LSTM networks are designed to work with sequence data. They are especially good at learning from patterns that develop over time, which is exactly what stock price data looks like.
We use weekly data instead of daily data to reduce noise. Weekly trends are less affected by short-term market fluctuations, allowing the model to focus on longer-term patterns with less noise
Financial markets are chaotic and constantly changing. That is what makes this problem interesting. We are testing how much, if anything, a deep learning model can learn from historical data in a real-world setting.
You can find all the code in this project on my GitHub Repository.
We use the following stack:
yfinance
– To fetch historical weekly stock data.
scikit-learn
– For preprocessing, scaling, and model evaluation.
TensorFlow/Keras
– To build and train the LSTM neural network.
matplotlib
& seaborn
– For visualization.
In your python environment, install them using:
%pip install yfinance matplotlib scikit-learn tensorflow seaborn
Once the libraries are successfully installed, we import them as follows:
# Standard libraries
import numpy as np
import yfinance as yf
import matplotlib.pyplot as plt
import seaborn as sns
# Scikit-learn
from sklearn.preprocessing import MinMaxScaler
from sklearn.model_selection import train_test_split
from sklearn.metrics import confusion_matrix, classification_report
# TensorFlow/Keras
from tensorflow.keras.models import Sequential
from tensorflow.keras.layers import LSTM, Dense, Dropout
# Plotting style
plt.style.use('dark_background')
We begin by specifying the list of stock tickers we’ll use for this experiment.

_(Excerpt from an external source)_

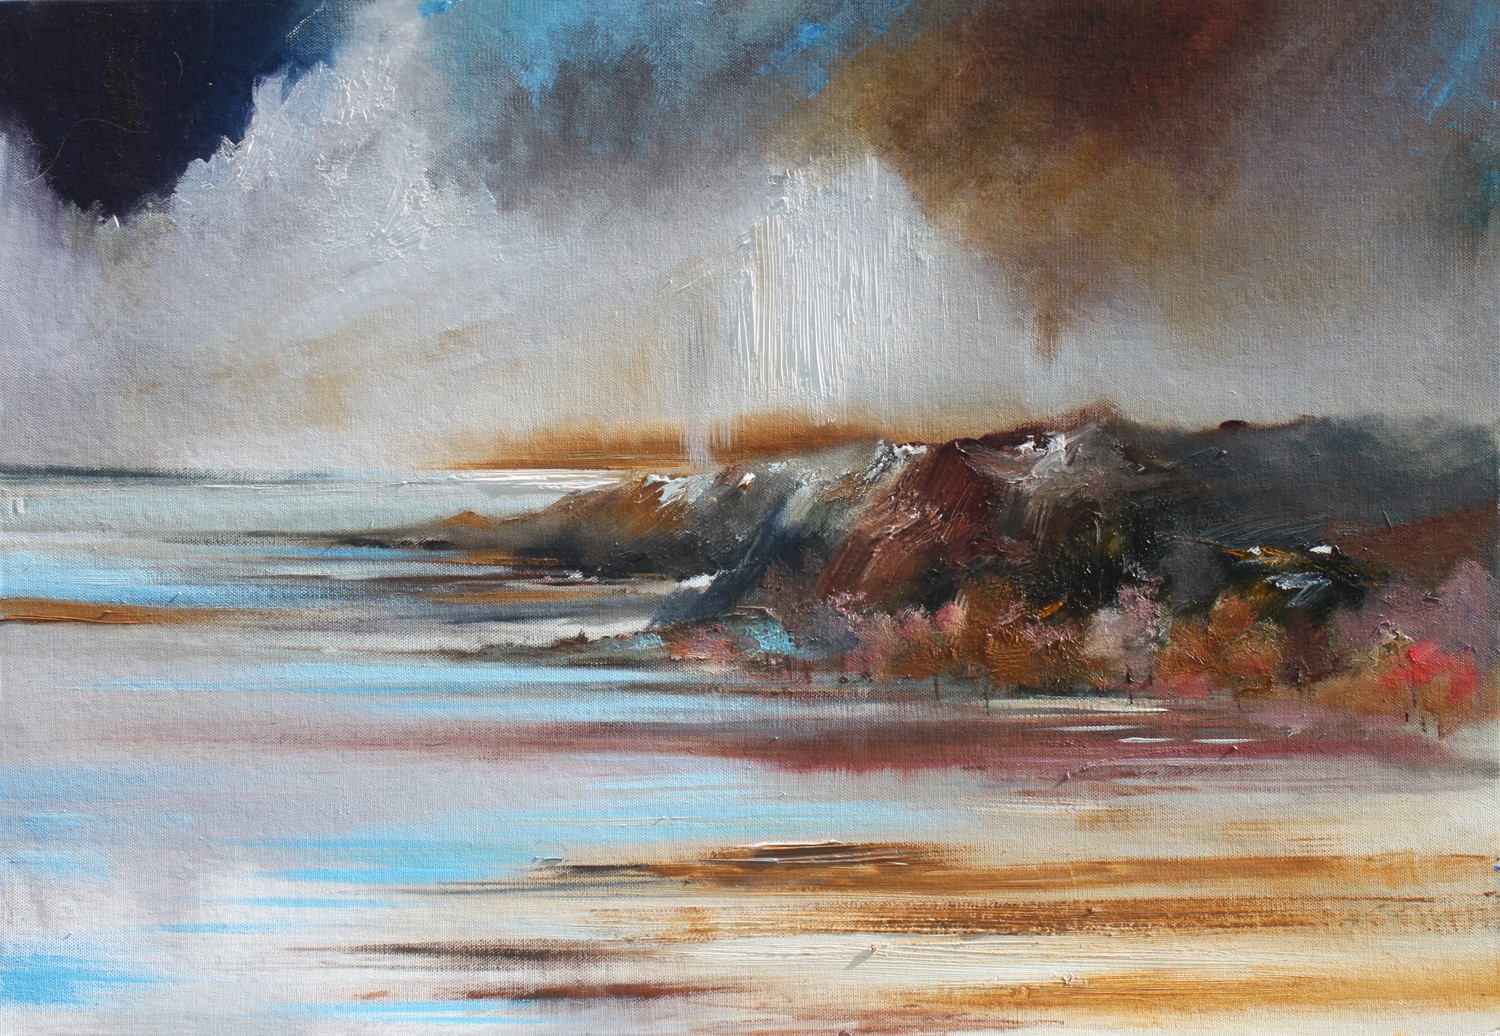 'The Tide is Out' by artist Rosanne Barr
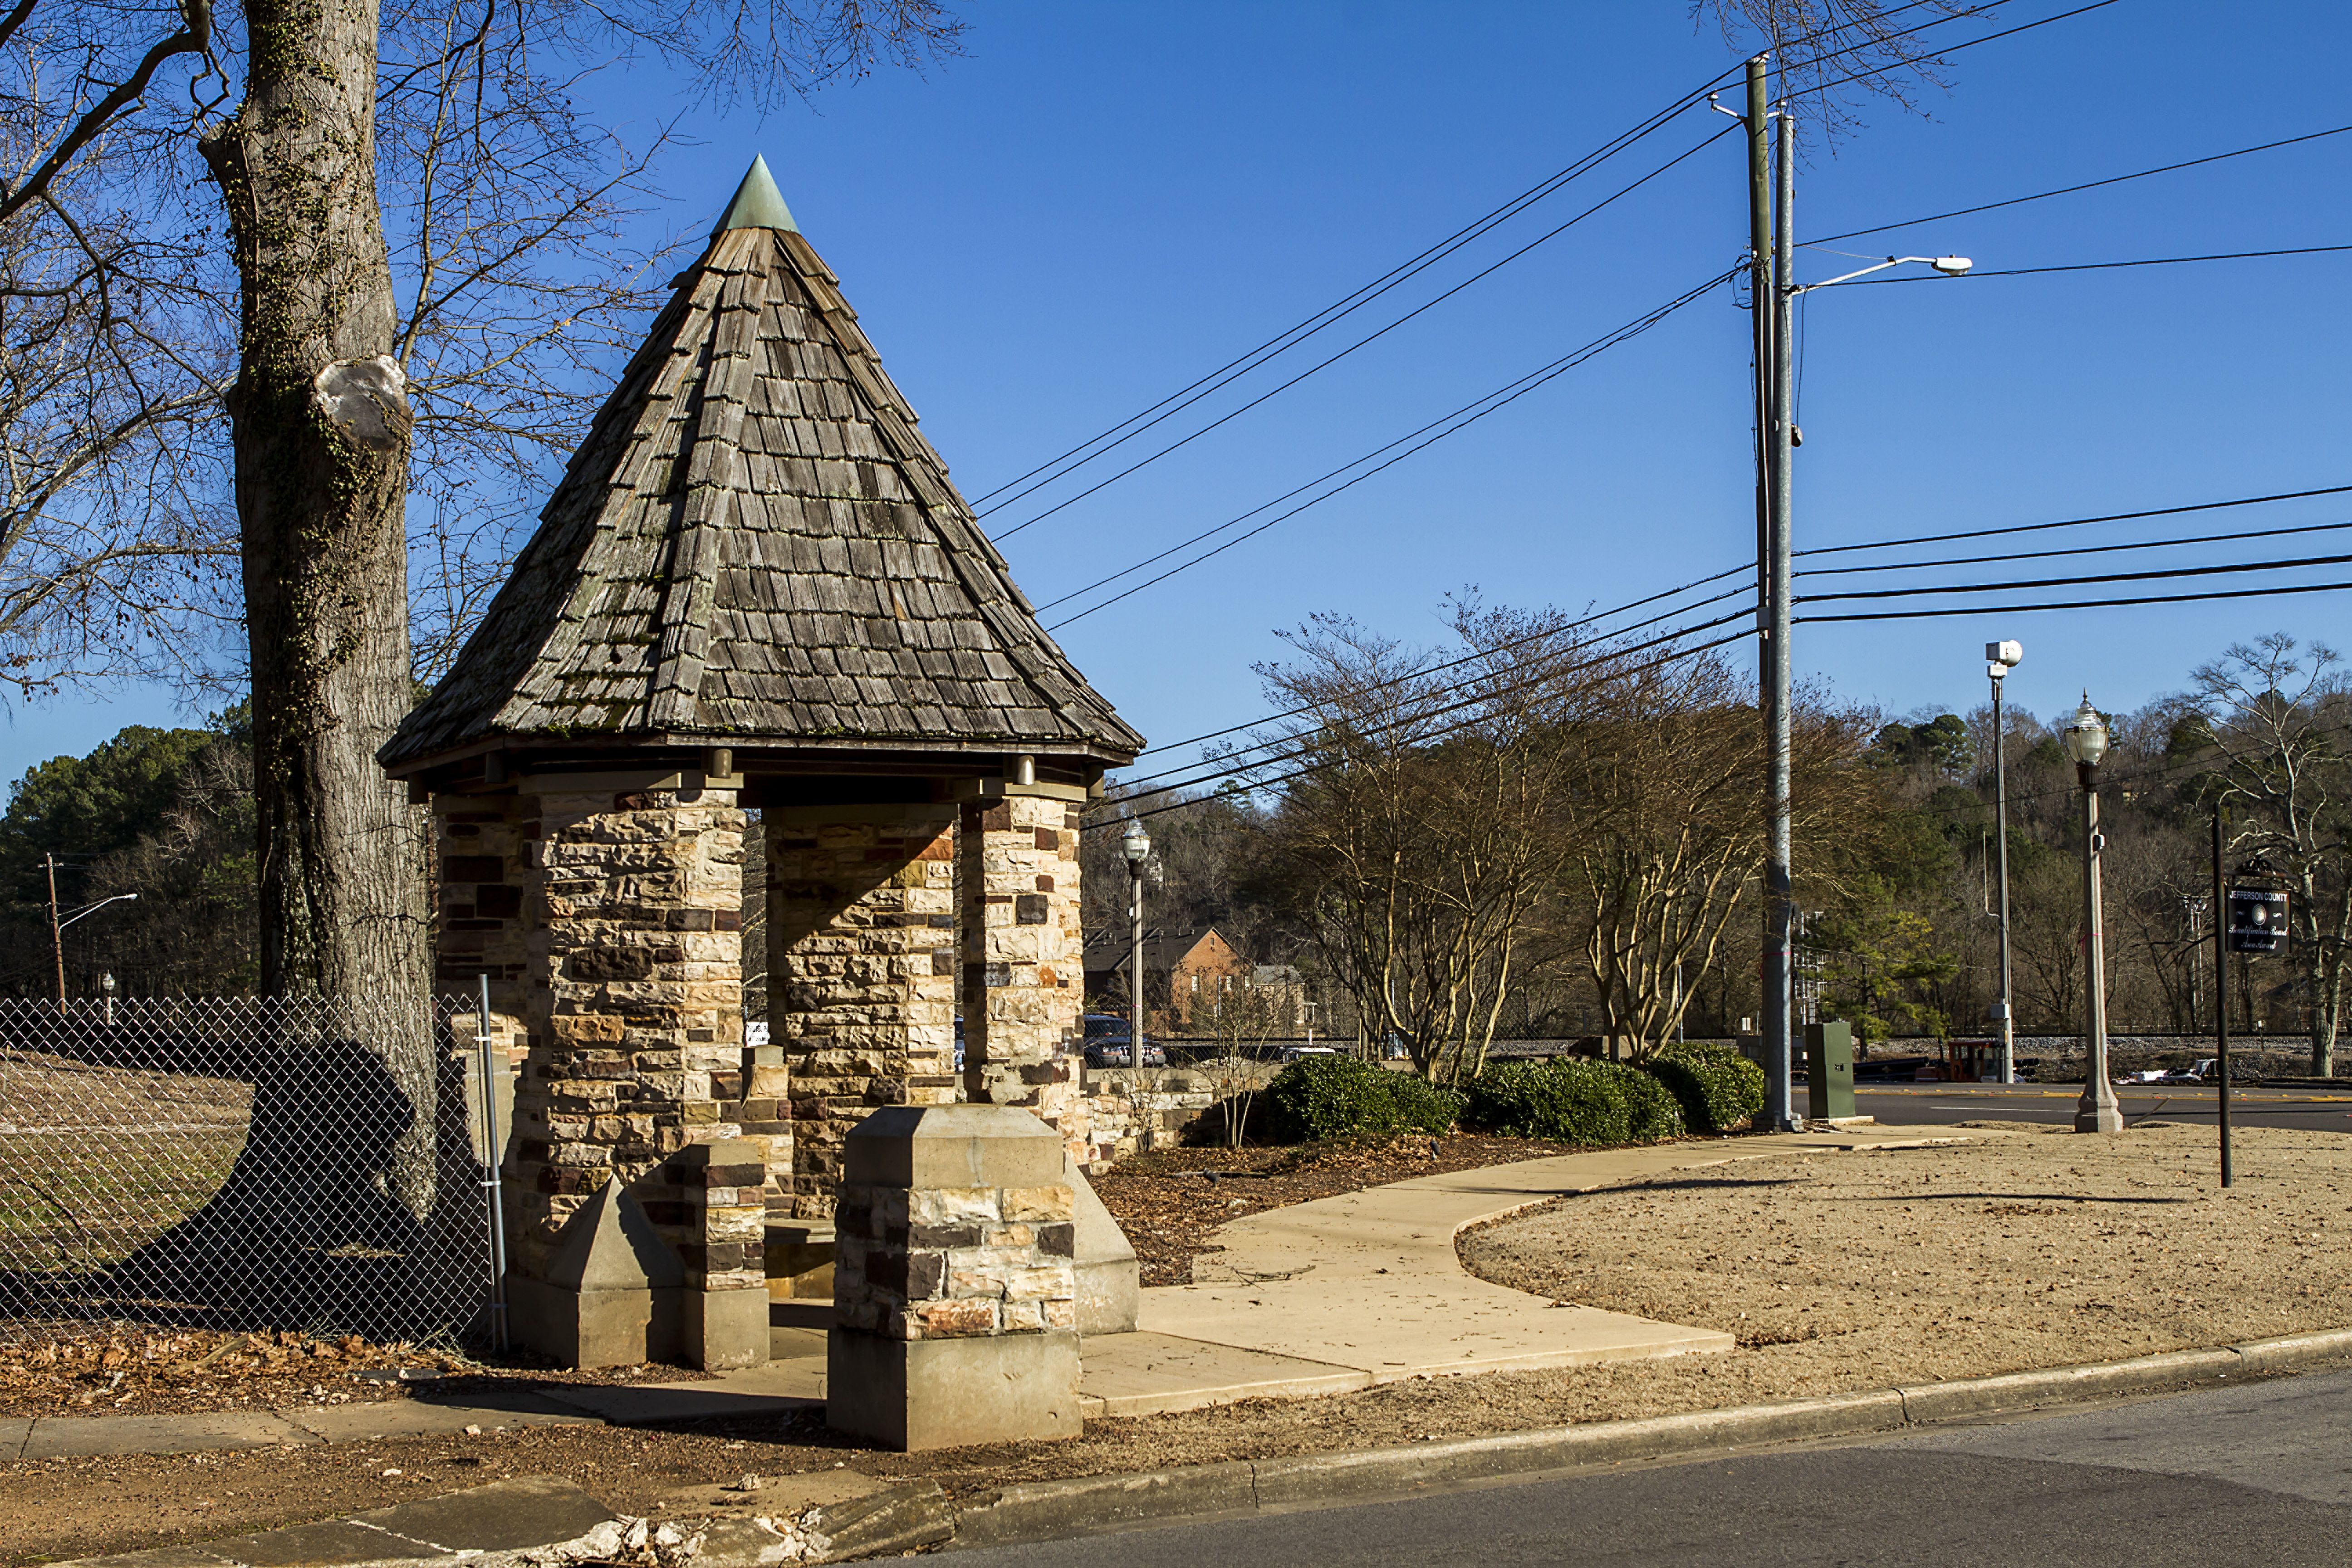 Trussville to hold a design and review meeting on Tuesday

These are 19 major tech-related companies with liquid and volatile stocks, making them ideal for pattern discovery in price movements.
tickers = [
'AAPL', 'MSFT', 'GOOGL', 'AMZN', 'META', 'NVDA', 'TSLA', 'AMD',
'INTC', 'CRM', 'ADBE', 'ORCL', 'SHOP', 'UBER', 'LYFT',
'NFLX', 'TWLO', 'SNOW', 'PLTR'
]
Next, we define a utility function to convert raw data into input sequences suitable for training an LSTM model.
Each sequence is a sliding window of 10 time steps (weeks), and the corresponding label is the binary target that immediately follows the sequence.
def create_sequences(data, target, sequence_length=10):
X, y = [], []
for i in range(len(data) - sequence_length):
X.append(data[i:i + sequence_length])
y.append(target[i + sequence_length])
return np.array(X), np.array(y)
This function allows the model to learn temporal patterns in stock movement over a fixed-length context.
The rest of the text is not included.